Кресси потянула за вырез платья в тщетной попытке прикрыть грудь. Вчера Джованни напомнил, что желал бы видеть ее в более откровенной одежде. Сегодня она надела вечернее платье и чувствовала себя так, будто совсем обнажилась. Наверное, потому, что было еще светло, а темно-красное бархатное платье с низким вырезом и крохотными рукавами с буфами обнажало намного больше, чем Кресси привыкла. Эго платье носила ее мать, старомодное, в стиле популярном при жизни Жозефины, жены императора Наполеона. Узорчатая накидка из черной ткани, отделанной золотистыми блестками, придавала платью вполне приличный вид. Кресси теснее обычного зашнуровала корсет, после чего ей казалось, что груди слишком обнажились. Соски были почти видны. Впервые увидев свое отражение в зеркале, она поразилась перемене, которая произошла с ней. К тому же вспомнила маму, которую раньше не представляла в платье, явно предназначенном для соблазнения.

Попытка Кресси уложить волосы должным образом не увенчалась большим успехом. Не желая дать слугам повода для сплетен, она отпустила горничную сразу после того, как та зашнуровала корсет. Ей хотелось украсить платье греческим узлом, но из этого почему-то ничего не вышло. «Как это скверно», — удрученно подумала она, потрогав прическу. В руке осталось несколько заколок, которые она пыталась вернуть на прежние места, но тут появился Джованни. Остановился на пороге и уставился на нее. Кресси уже хотела скрестить руки на груди, но вовремя сдержалась.
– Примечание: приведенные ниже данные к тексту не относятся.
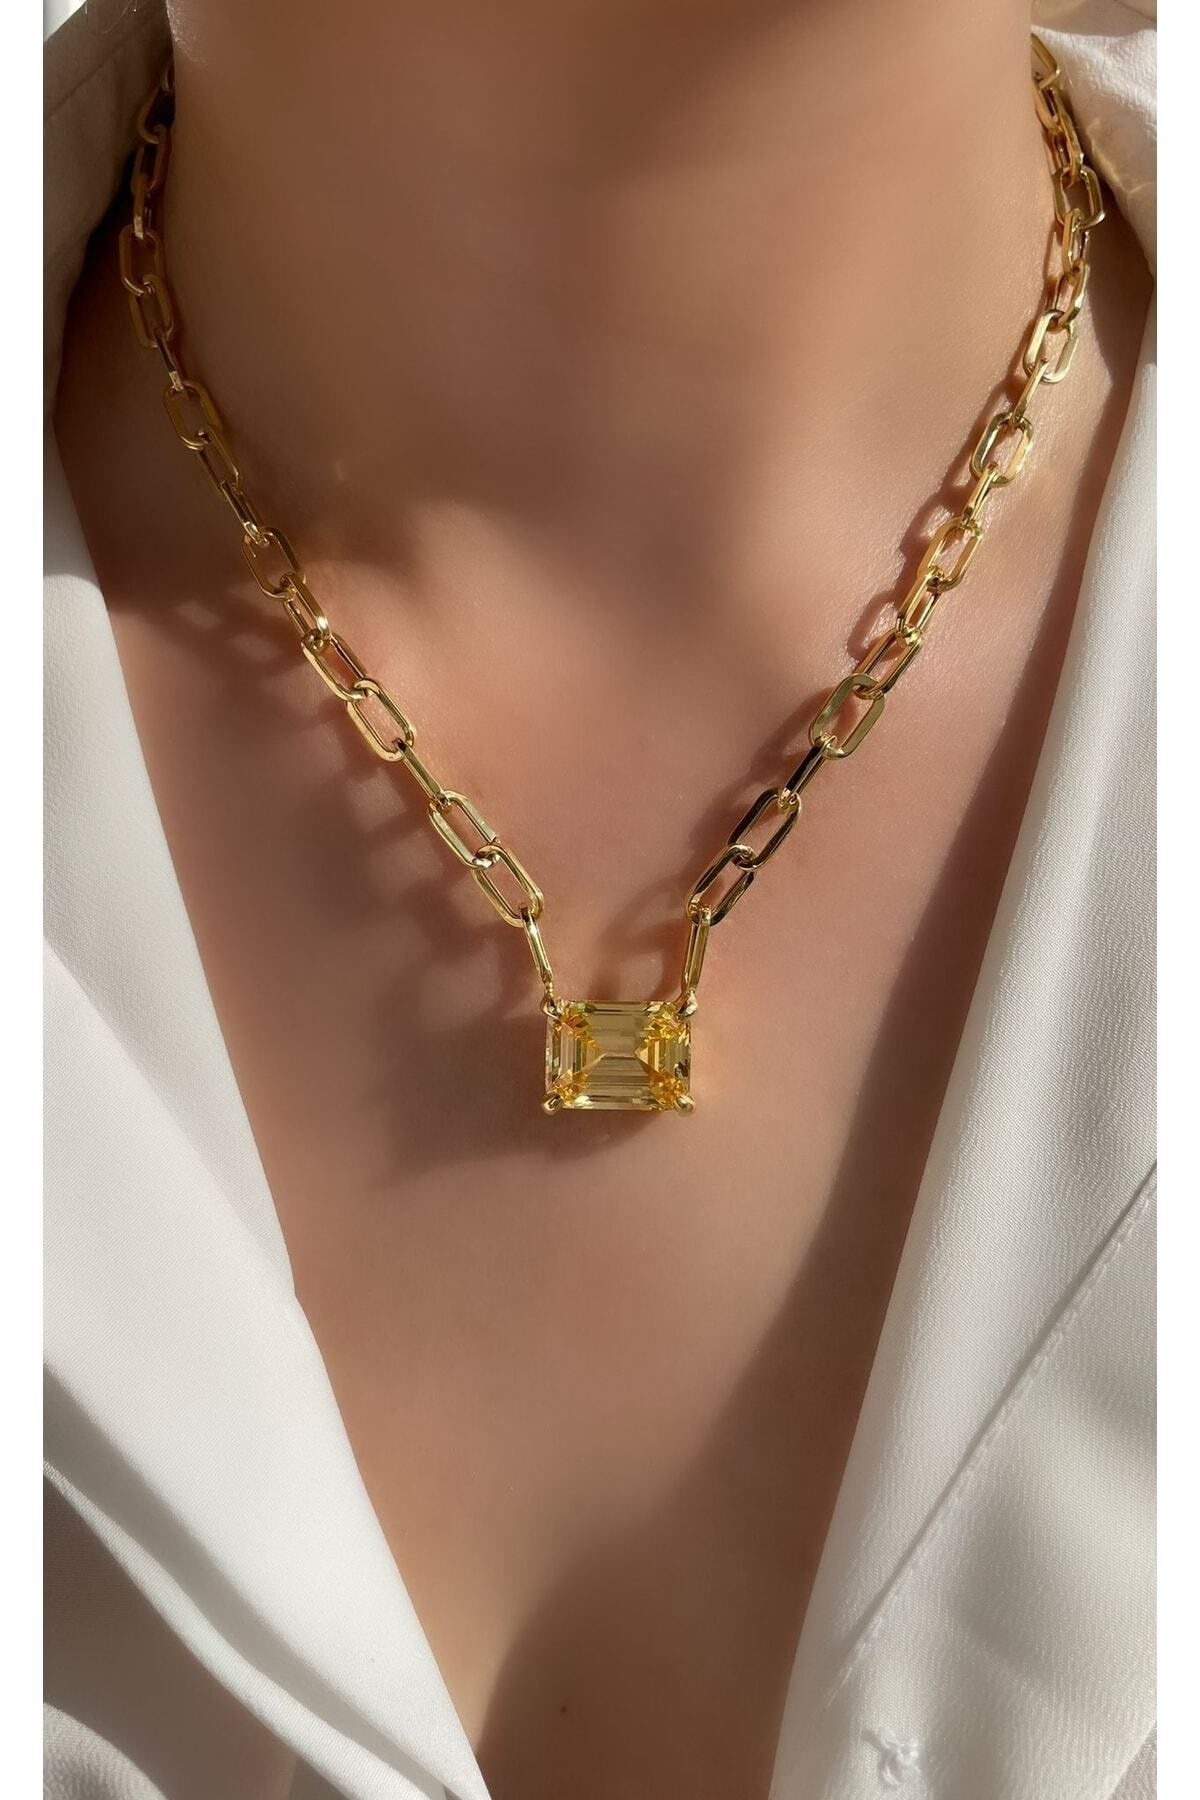 Luna Argento Jewelry Altın Kaplama Geo Zincir Sarı Renk Büyük Boy Dikdörtgen Model Paraıba Kolye 925 Ayar Gümüş

— Вы говорили, что хотите видеть меня в чем-то более… но у меня не нашлось ничего своего. Конечно, есть вечерние платья, и, хотя мне уже двадцать шесть лет, на рынке невест я еще считаюсь девушкой, поэтому… поэтому взяла напрокат вот это. Это платье носила моя мать, но если оно не подойдет, я… — Кресси запнулась и покраснела, но Джованни продолжал смотреть на нее. — Я пойду надену что-нибудь другое.

— Нет! Крессида, это то, что надо. Вы красавица.

— Ну, должна признаться, эго весьма неплохое платье. Думаю, мода в дни молодости мамы…

— Дело не в платье, дело в вас. — Джованни улыбнулся. — Хотя волосы… Позвольте мне.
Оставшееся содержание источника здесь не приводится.